Existing law authorizes the Public Utilities Commission to supervise and regulate every public utility in the state, including telephone corporations, and to fix just and reasonable rates and charges for public utilities. Existing law establishes the state's 6 universal service funds in the State Treasury, including the California High-Cost Fund-A Administrative Committee Fund (CHCF-A) and the California High-Cost Fund-B Administrative Committee Fund (CHCF-B) , and provides that moneys in each of the state's universal service funds are the proceeds of rates and are held in trust for the benefit of ratepayers and to compensate telephone corporations for their costs of providing universal service. Moneys in the funds may only be expended to accomplish specified telecommunications universal service programs, upon appropriation in the annual Budget Act or upon supplemental appropriation.
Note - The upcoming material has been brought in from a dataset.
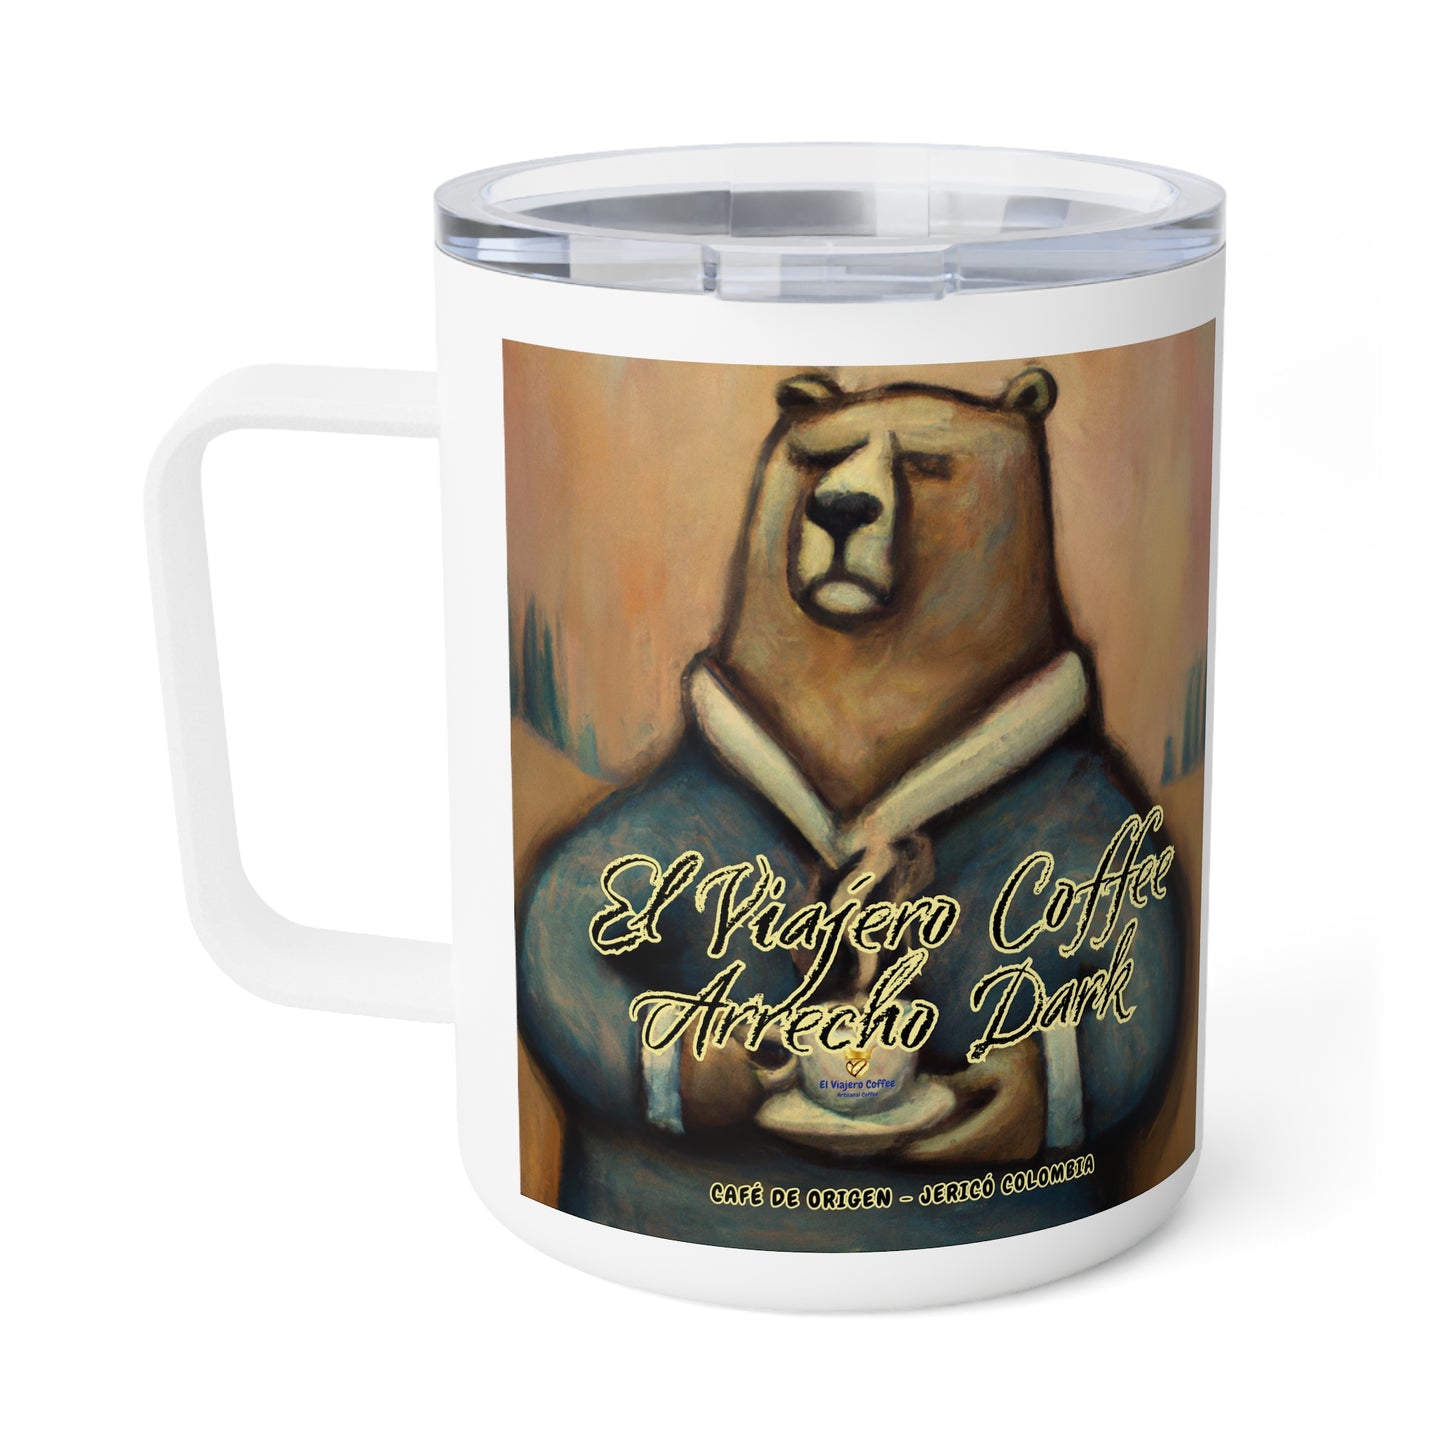 Arrecho Dark Bear - Insulated Coffee Mug, 10oz

Existing law, the CHCF-A program, until January 1, 2028, requires the commission to develop, implement, and maintain a suitable program to establish a fair and equitable local rate structure aided by universal service rate support to small independent telephone corporations that serve rural areas and are subject to rate-of-return regulation by the commission. Existing law, the CHCF-B program, until January 1, 2028, requires the commission to develop, implement, and maintain a suitable, competitively neutral, and broad-based program to establish a fair and equitable local rate support structure aided by universal service rate support to telephone corporations serving areas where the cost of providing services exceeds rates charged by providers, as determined by the commission.
This bill would extend the CHCF-A program and CHCF-B program requirements to January 1, 2033.
Under existing law, a violation of the Public Utilities Act or an order, decision, rule, direction, demand, or requirement of the commission is a crime.
Because the CHCF-A program and CHCF-B program, which would extended under the provisions of this bill, are part of the act, and a violation of a commission action implementing the programs' requirements would be a crime, the bill would impose a state-mandated local program.
The California Constitution requires the state to reimburse local agencies and school districts for certain costs mandated by the state. Statutory provisions establish procedures for making that reimbursement.
This bill would provide that no reimbursement is required by this act for a specified reason.
This bill would declare that it is to take effect immediately as an urgency statute.